The online learning community has tremendous value to offer the process of education. Online facilitators must learn to organize, encourage, critique, respond to teachable moments, mentor and guide, attending closely to how and when to ask the right question to move the learning forward. When students are intrinsically motivated, the investigative process becomes infused with passion and learning is authentic. In 21 BEAT St, students developed yearlong writing projects as works-in-progress. Early on a student commented:

"I'm really excited about my project. This is a new one, being excited to do my homework."

I responded, "Think of it as lifework rather than as homework".

Examples of projects included a website for our program with samples of student writings, links to resources for writers, articles published about our work, and a photo gallery.  Others wrote and revised novels. Another developed an inquiry project by interviewing classmates and others from around the world. On the Internet, she posed the question, "What experiences are necessary to live a full life?"

Lines between life, learning and school faded.

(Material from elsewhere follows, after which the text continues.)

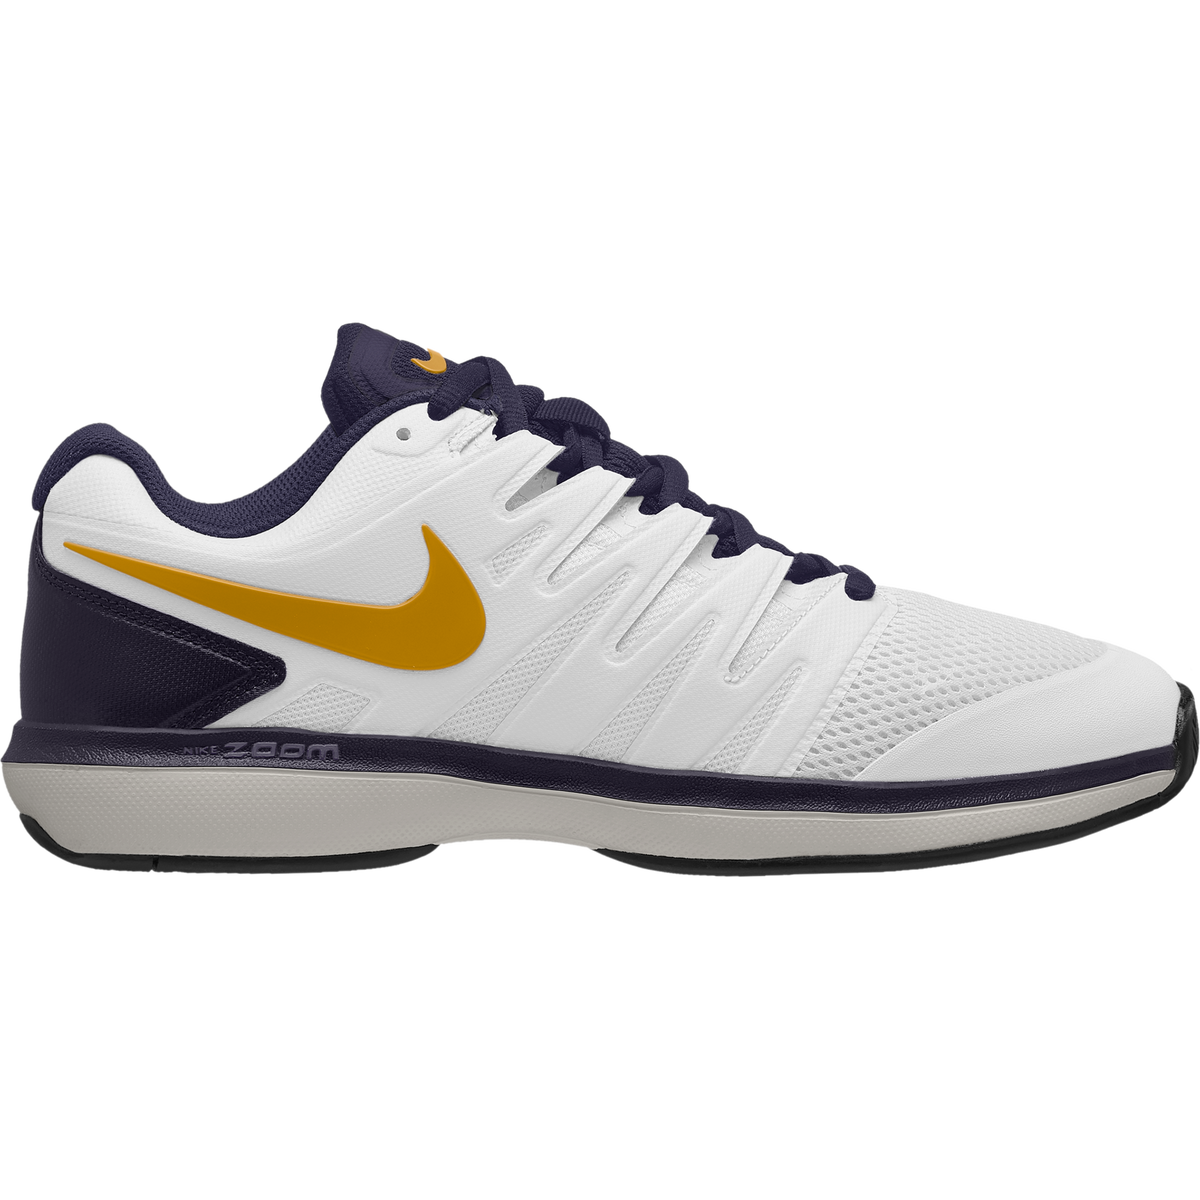 e53a867f23f Nike Air Zoom Prestige Men s Tennis Shoe - White Navy Orange

In other words, the students had made the transition between the traditionally narrow focus of school studies to the broader world. They were able to see the connection between the values and the techniques they were learning in their virtual classroom, and the requirements of a full, informed, and effective life in the 21st century. They had begun to apprehend the relationships between education, business, arts and technologies, while mastering skills of communication and technology which will be essential in the near future.

If we, the teachers and facilitators can learn to make the same cognitive leap made so easily by these perfectly ordinary high school students, there may yet be some hope for the educational system.  If we can learn to let go of our "ownership" of some kind of "canon" of "truth", and become instead co-learners with those we once labeled "students" there is a chance that the process of learning in the 21st century may begin to return to our society some of that sense of community and connection which has been gradually destroyed by the very way of life we have sought to preserve.